I may not know exactly but from my time on the forum taps and dies for kitless pens are ordered and purchased individually.


----------



## Curly (Jul 2, 2016)

You might consider talking to Mike Redburn of Silver Pen Parts. He has, up until recently, stocked triple lead tap and dies from 10mm to 14mm. His reasons for discontinuing them from his site may be temporary or permanent and would help you decide on whether to stock them if he is open to share. 

Generally the smaller (10mm & 11mm) taps and dies would be for making capped rollerball and ballpoint pens and the bigger ones (12mm, 13mm & 14mm) for fountain pens. The multi-start taps and dies of any type are custom orders and aren't cheap. The past group buys over the last 3 years or so, as already suggested, will give you the idea. 

If you do decide to stock some sizes it would be more for the convenience of your customers rather than a high turnover product. 

I have all 5 triple start sizes mentioned above, bought through group buys here. I hope to play with them again soon when the shop and house are built.


----------



## deadsea (Jul 4, 2016)

I am usually working with  triple start M13x0,75 and M14x0,75..

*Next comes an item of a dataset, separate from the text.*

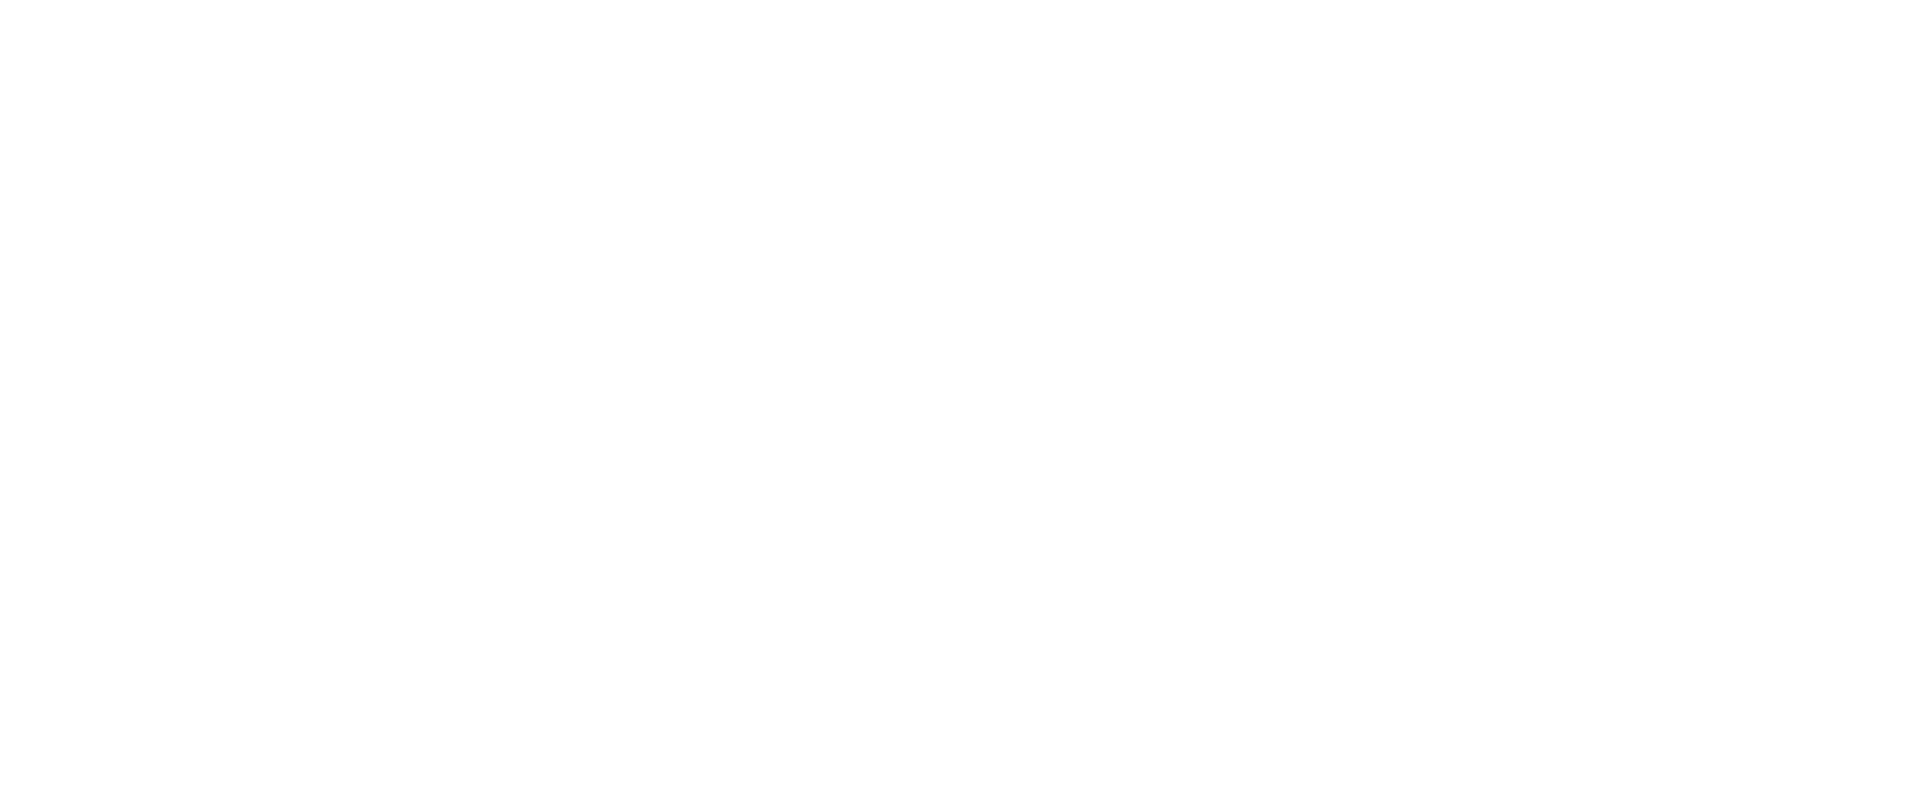 Verus is Latin For True

Unfortunately M14 has been wasted away..

Put me on the list if you stock triple starts from M12 to M14  I ll be ordering 3 sets from each


----------



## mredburn (Jul 4, 2016)

Most of the single thread tap and dies that kitless pen makers use are bought from companies that stock Chinese made taps and dies.  You will not be able to be price competitive with the ones made in the US from your current supplier.


----------



## edstreet (Jul 6, 2016)

I can save you some trouble and say there are about 4 different schools when it comes to cap threads.  Having measured, quoted and looked heavy into this area and looked into each of the schools as to what is used there is no common sizes or types that shows up.  There is heavy debate between several of the schools to. Long story short the good sets will start around $300 some and work their way upwards to $600-800. Not easy to chew nor for the faint of heart.


----------



## Carl Fisher (Jul 6, 2016)

Based on what I've seen it pretty much mirrors above.

China made single lead tap and die sets are dirt cheap through several online sellers and I don't think you'd be happy trying to compete with them in price. The good US made from a supplier like Tapco, while superior will be outside of the price range most will pay for a single lead thread set.

The most common higher end would be a double or triple lead set. M12x0.8 being by far the most common but also anything from M10 through M14 are not unusual. However as Ed mentioned, the pricing can get up there unless you buy in bulk. At best I think we've managed to get down in the $130-140 range for a matching tap and die set in one thread size during our group buys. Someone will correct me if my pricing is off as I'm going from memory. But that required buying a large amount to get the pricing into that range.

So really the question is, do you think it's worth it to buy say 20 or so of a certain set and have them sit in your inventory for something that is largely a low demand or at best a slow selling item?


----------



## ExcaliburCraftworks (Jul 6, 2016)

Thank you all for your answers, it is appreciated.  We have ordered just the taps for the Bock nibs from a distributor in the past and unless we ordered a large MOQ - the price was high to say the least.  We were looking into the taps/dies as a set but were unsure of the sizes or demand.  Again thank you all for your help.


----------



## Marmotjr (Jul 7, 2016)

Just as an aside....  I designed and made on my 3d printer a set of small tap handles for those tiny taps that never fit anything.  If anybody has access to a printer, have at this, I love them.  Small Tap Handle by marmotjr - Thingiverse


----------